General Instructions

Each lab in this course will have multiple components. First, there will a piece like the document below, which includes instructions, tutorials, and problems to be addressed in your write-up. Any part of the document below marked with a star, \(\star\), is a problem for your write-up. Second, there will be an R script where you will do all of the computations required for the lab. And third, you will complete a write-up to be turned in the Friday that you did your lab.

If you are comfortable doing so, I strongly suggest using RMarkdown to type your lab write-up. However, if you are new to R, you may handwrite your write-up (I’m also happy to work with you to learn RMarkdown!). All of your computational work will be done in RStudio Cloud, and both your lab write-up and your R script will be considered when grading your work.

Lab Overview

In this lab, work with different families of distributions and visualize the distributions of their order statistics. Then, you will use a dataset to make qualitative comparisons between plots of distributions and qq-plots.

Order Statistics

There’s not a really nice way built in to R to plot order statistics. Instead, we will write our own function that plots them.

os.pdf <- function(x, n, i, cdf, pdf, ...) {
        c <- factorial(n)/(factorial(i - 1) * factorial(n - i))
        F <- sapply(x, cdf, ...)
        f <- sapply(x, pdf, ...)
        c * (F^(i - 1)) * ((1 - F)^(n - i)) * f
}

The function os.pdf takes as an input the following variables:

To actually use this function to plot the pdfs of order statistics, we use ggplot along with the stat_function layer.

ggplot(data.frame(x=c(0,25)),aes(x=x)) +
        stat_function(fun = os.pdf, geom = "line", args = list(n = 5, i = 1, cdf = pexp, pdf = dexp, rate = 0.1), aes(col = "x1")) +
        stat_function(fun = os.pdf, geom = "line", args = list(n = 5, i = 2, cdf = pexp, pdf = dexp, rate = 0.1), aes(col = "x2")) +
        stat_function(fun = os.pdf, geom = "line", args = list(n = 5, i = 3, cdf = pexp, pdf = dexp, rate = 0.1), aes(col = "x3")) +
        stat_function(fun = os.pdf, geom = "line", args = list(n = 5, i = 4, cdf = pexp, pdf = dexp, rate = 0.1), aes(col = "x4")) +
        stat_function(fun = os.pdf, geom = "line", args = list(n = 5, i = 5, cdf = pexp, pdf = dexp, rate = 0.1), aes(col = "x5")) +
        scale_colour_manual("Order Statistic", values = c("red", "purple", "blue", "green", "yellow"))

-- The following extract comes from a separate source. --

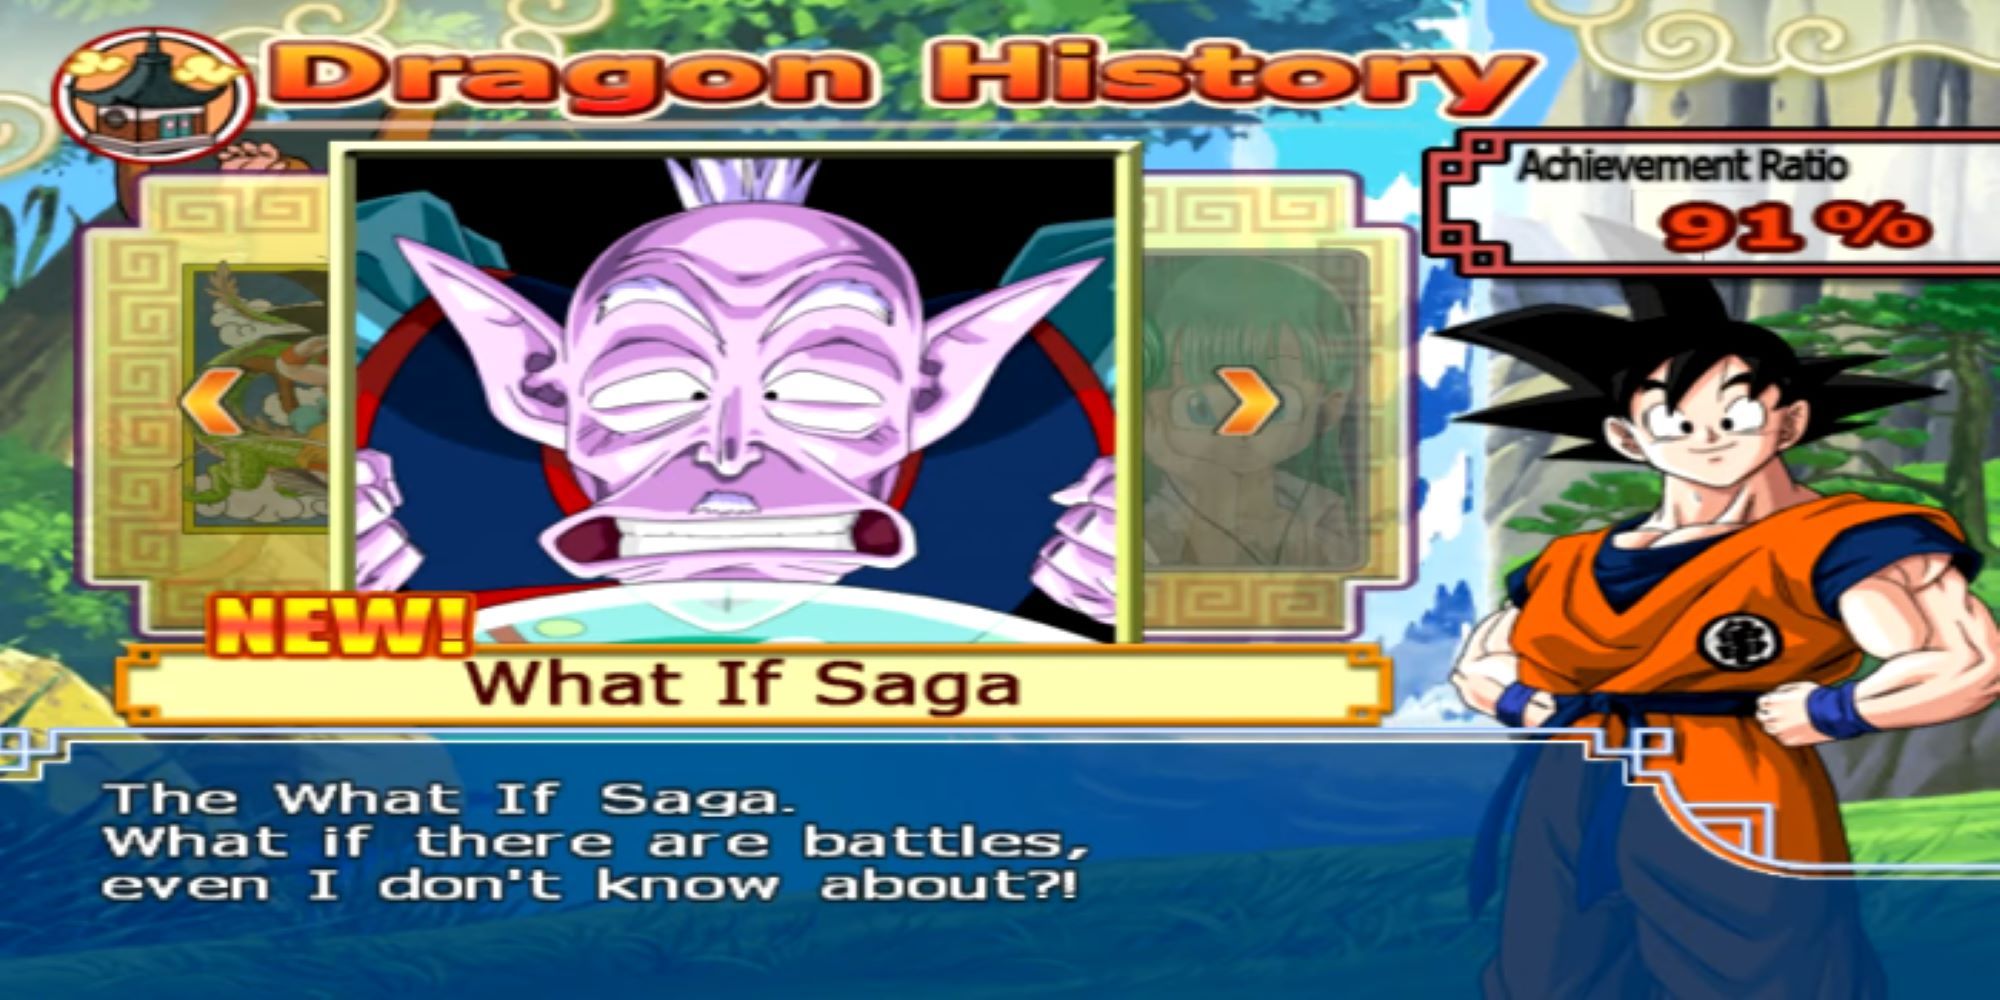 Dragon Ball Z Budokai Tenkaichi 3 The What If Saga Story Mode

  1. (\(\star\)) Plot the pdfs of n=5 order statistics for common distributions other than the exponential distribution. Include the plots in your write-up.

  2. (\(\star\)) What observations do you make about the shapes of the pdfs of the order statistics and the relationships between them?

QQ-Plots

In R, qq-plots are easily made using the ggplot2 package. As an example, here’s how you recreate the first plot we saw in class.

ggplot() + 
        geom_qq(aes(sample = rnorm(99)))

The code above samples 99 points from a standard normal random variable, and then plots them against the theoretical quantiles from the standard normal distribution (the default in geom_qq). Read the documentation of geom_qq for more information.

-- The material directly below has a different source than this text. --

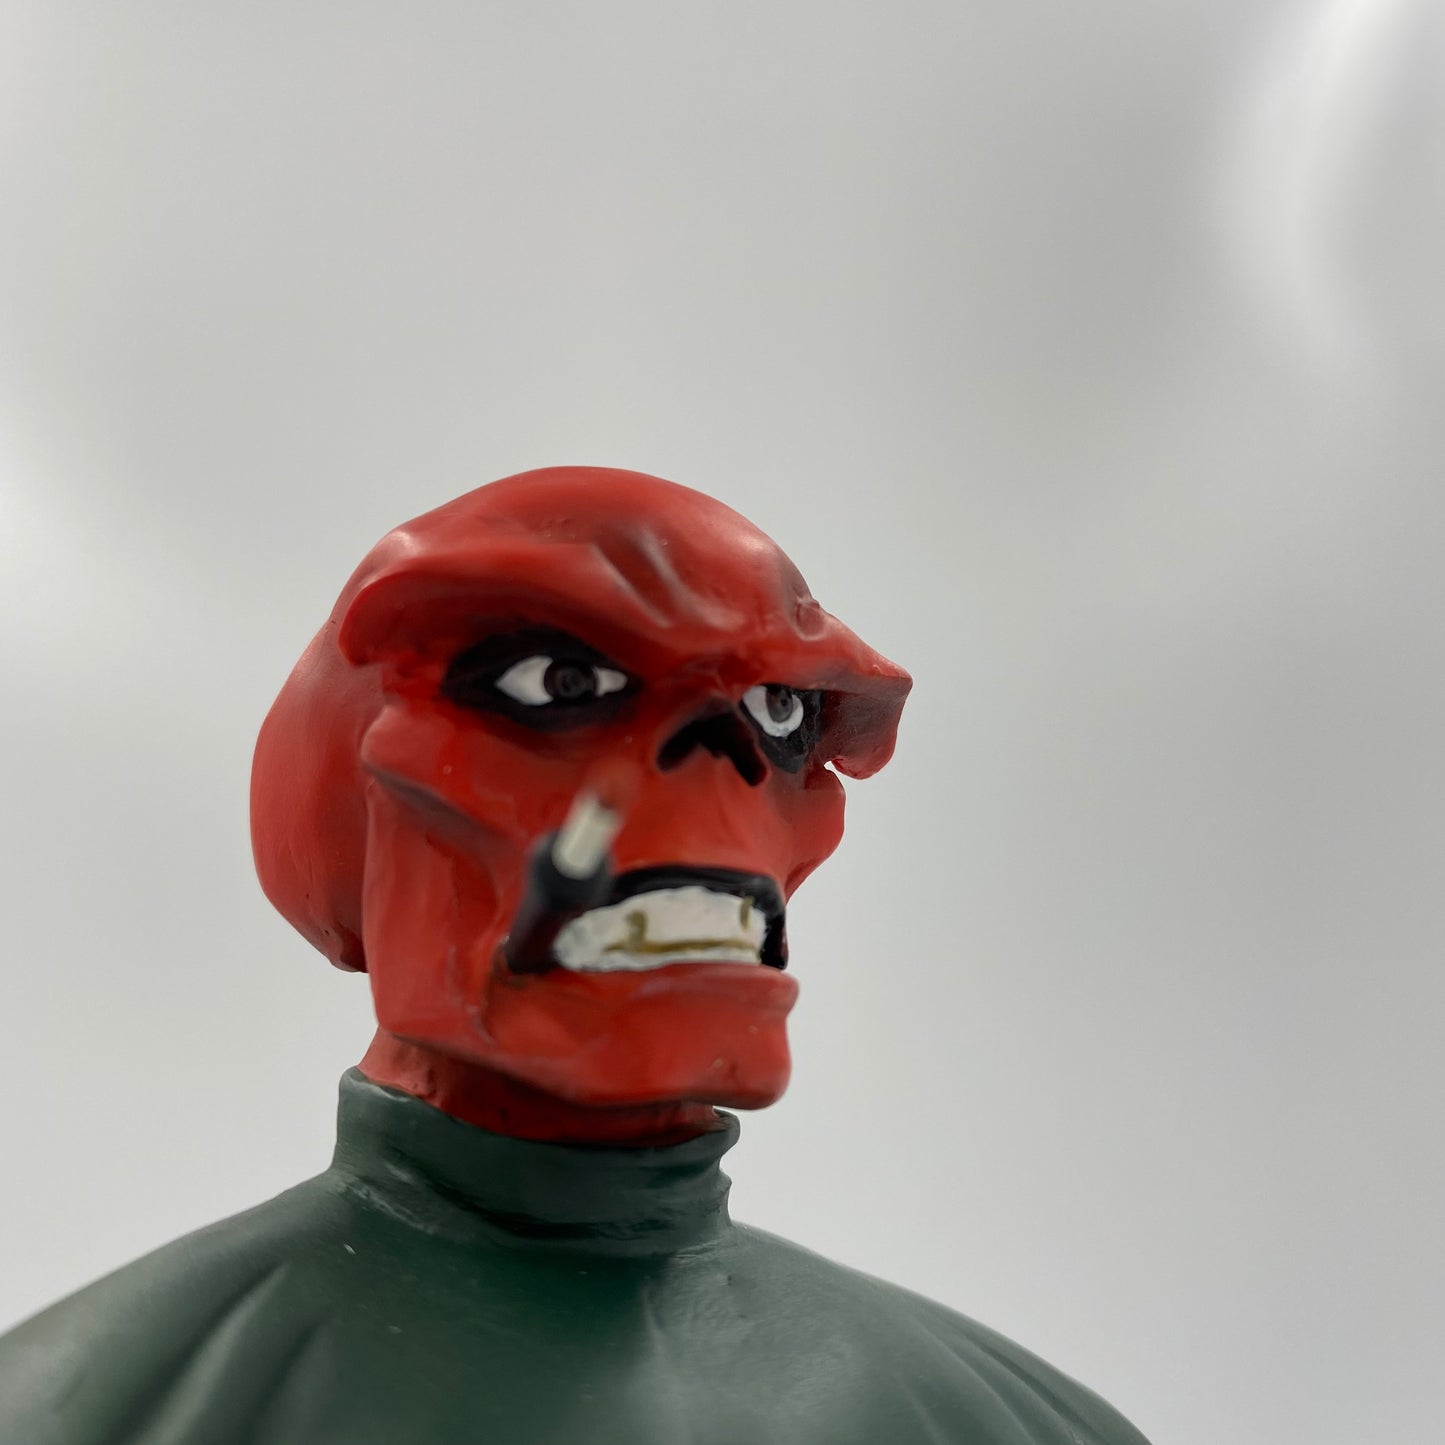 Red Skull Marvel mini-bust (1999) Bowen Designs

We will now use a dataset that’s built into R to gain some insight into the relationships between qq-plots and distributions. In your R script, you’ll load the dataset “faithful”, which has 272 observations of the eruptions of the Old Faithful geyser in Yellowstone National Park. The dataset consists of two variables:

  1. (\(\star\)) Plot the densities of each variable in the faithful dataset, and include the plots in your write-up.

  2. (\(\star\)) Plot the qq-plots of each variable in the faithful dataset, and include the plots in your write-up.

  3. (\(\star\)) Explain how the shapes of the densities determine the shapes of the qq-plots, and vice versa. In other words, if you only had one, how could you (roughly) figure out the shape of the other?